Supplied data:

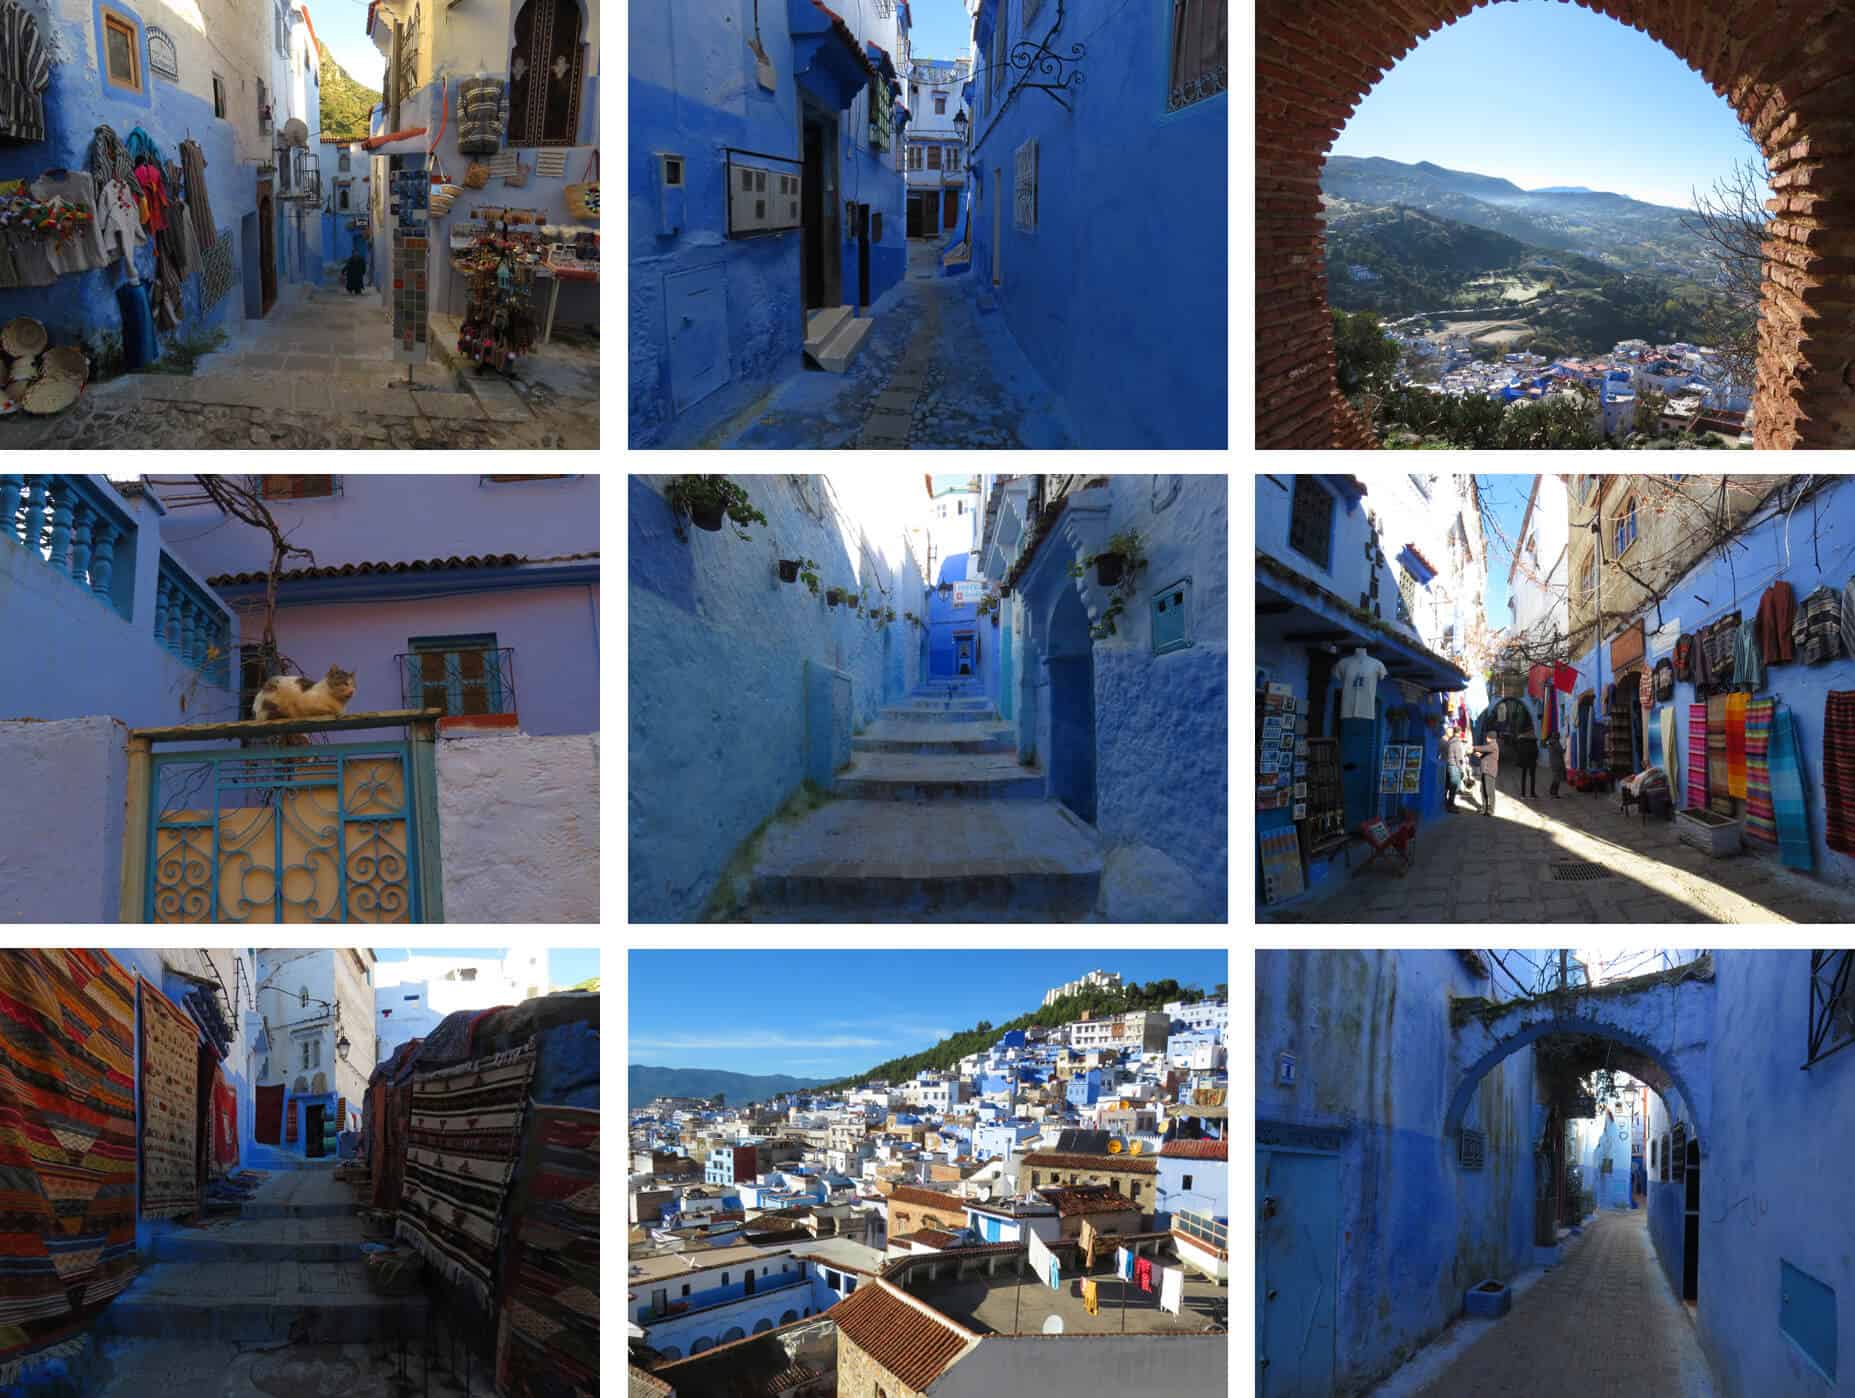 images of Chefchaouen, Morocco's blue city
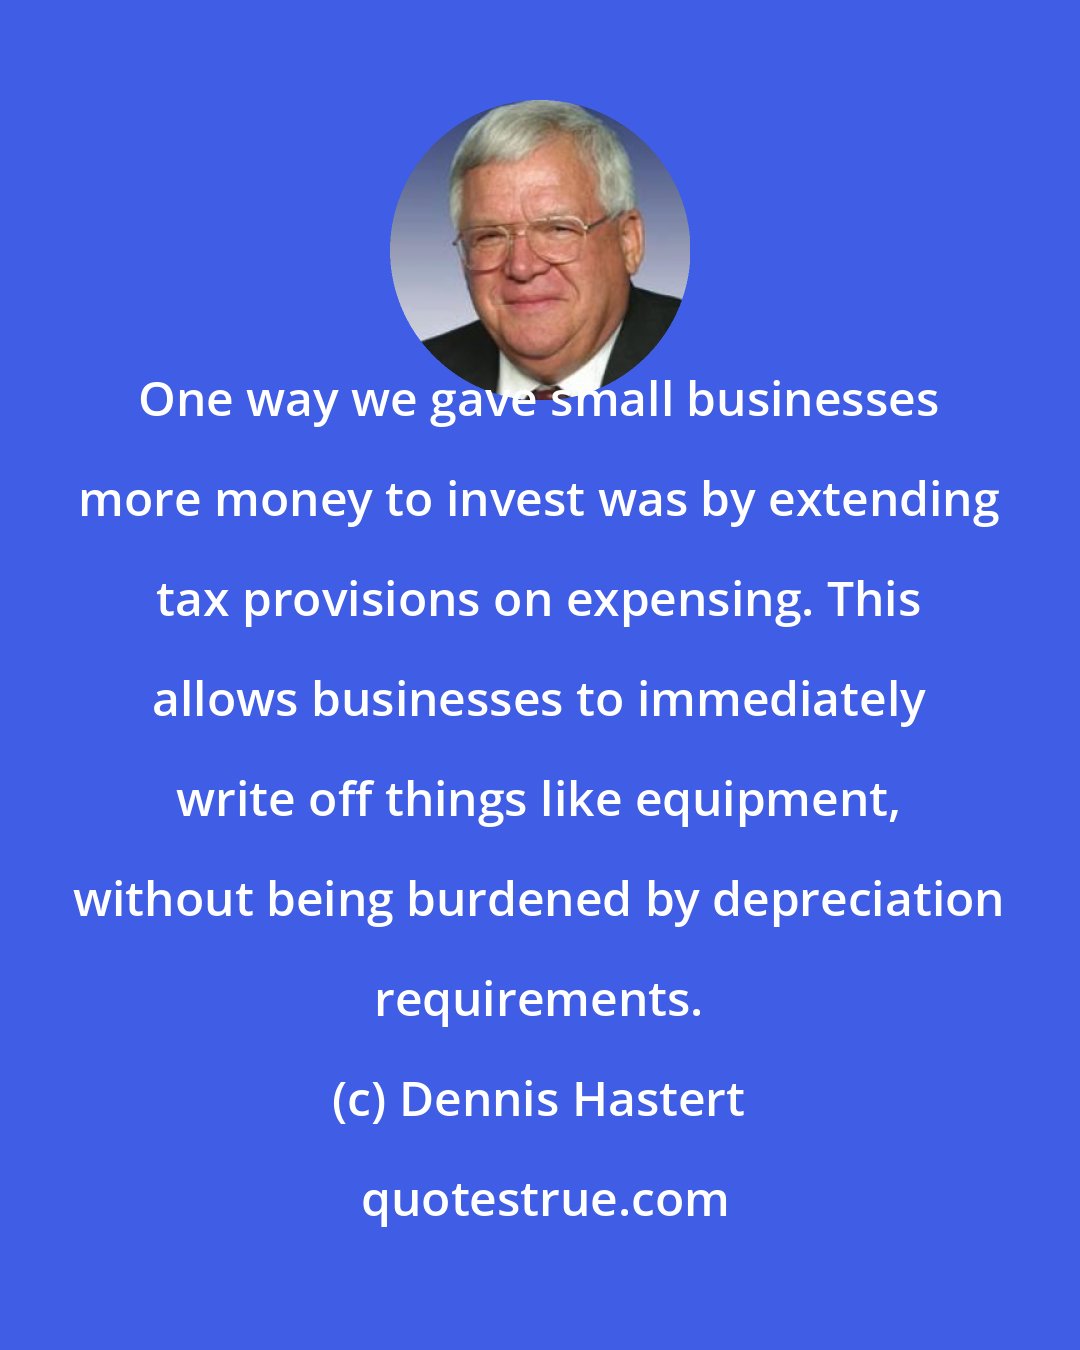 Dennis Hastert: One way we gave small businesses more money to invest was by extending tax provisions on expensing. This allows businesses to immediately write off things like equipment, without being burdened by depreciation requirements.
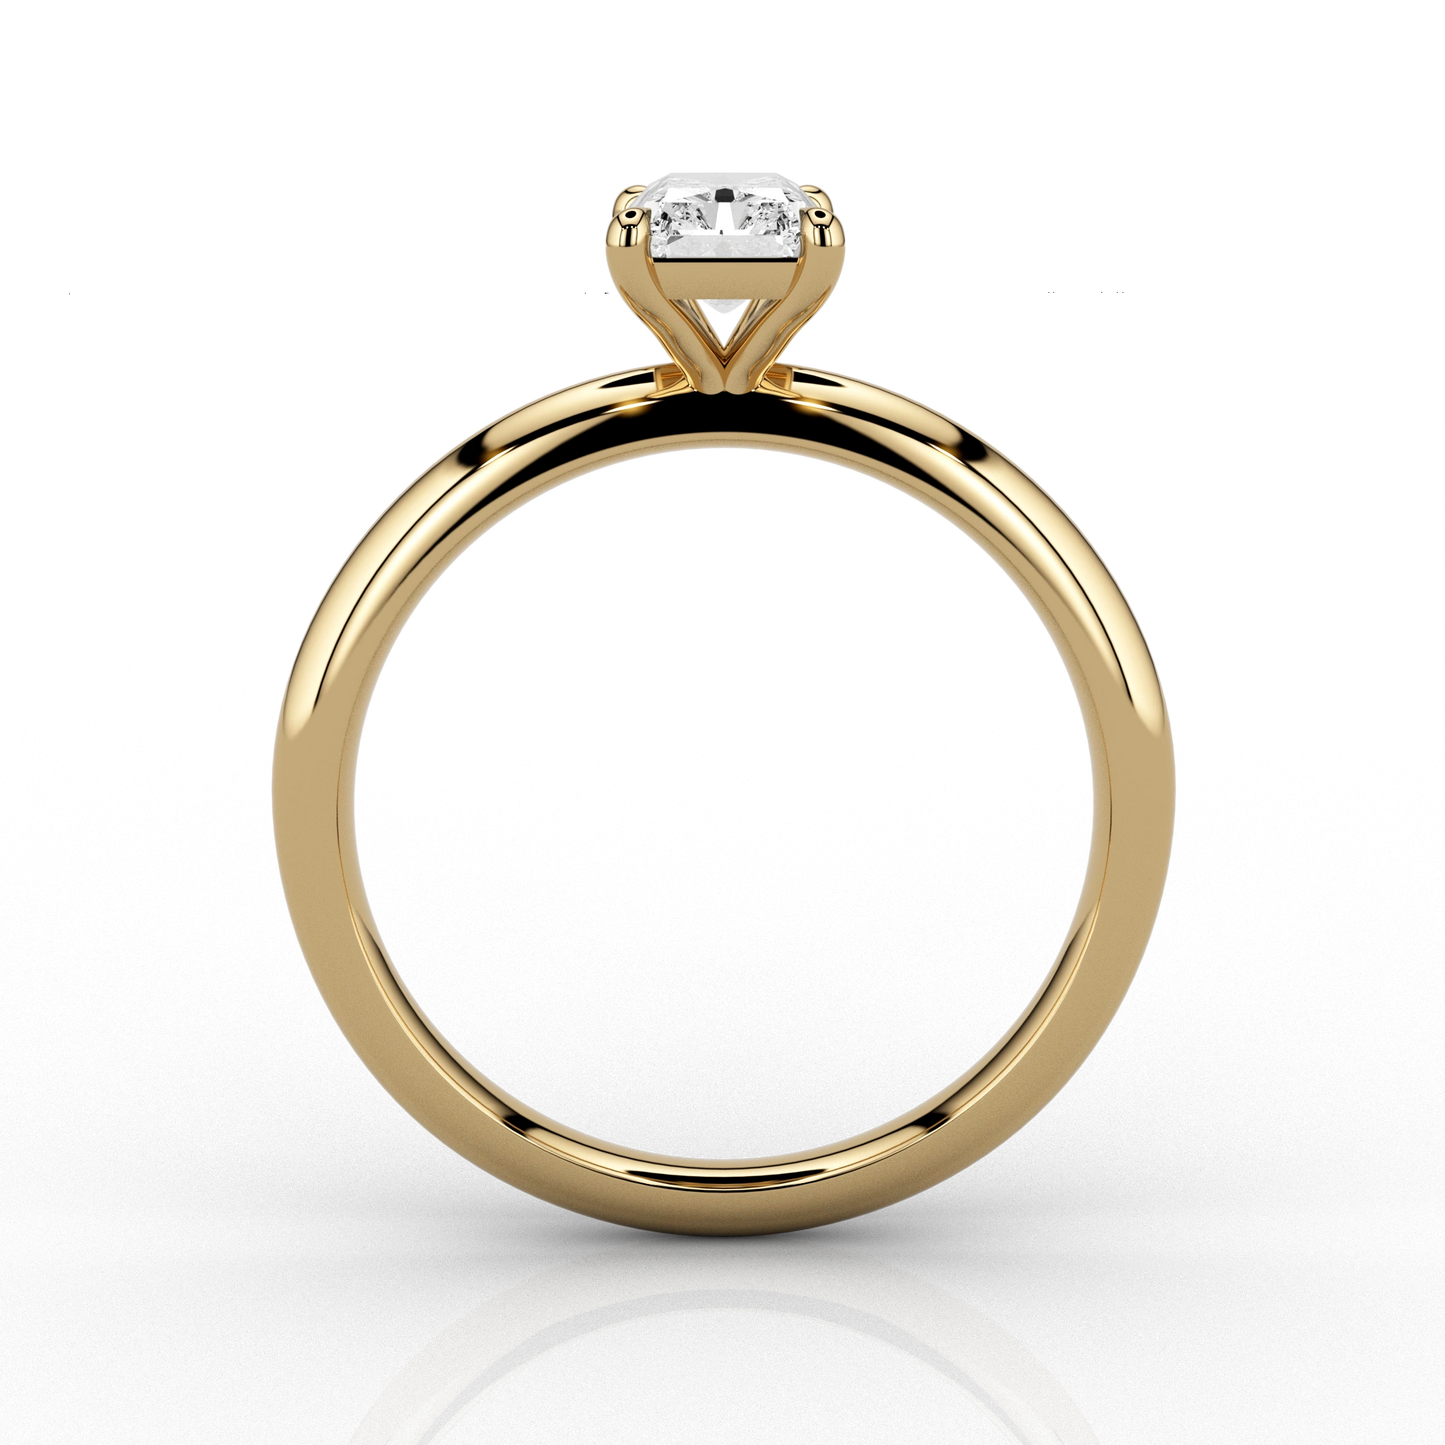 Radiant Cut Solitaire 0.7ct Engagement ring in 18ct Yellow Gold

Problem statement: Exclude all pictures and reproduce verbatim the lines running from the line that contains "Dennis Hastert: One" to the end of the data above, both ends included.

Solution to the problem:
 Dennis Hastert: One way we gave small businesses more money to invest was by extending tax provisions on expensing. This allows businesses to immediately write off things like equipment, without being burdened by depreciation requirements.
 Radiant Cut Solitaire 0.7ct Engagement ring in 18ct Yellow Gold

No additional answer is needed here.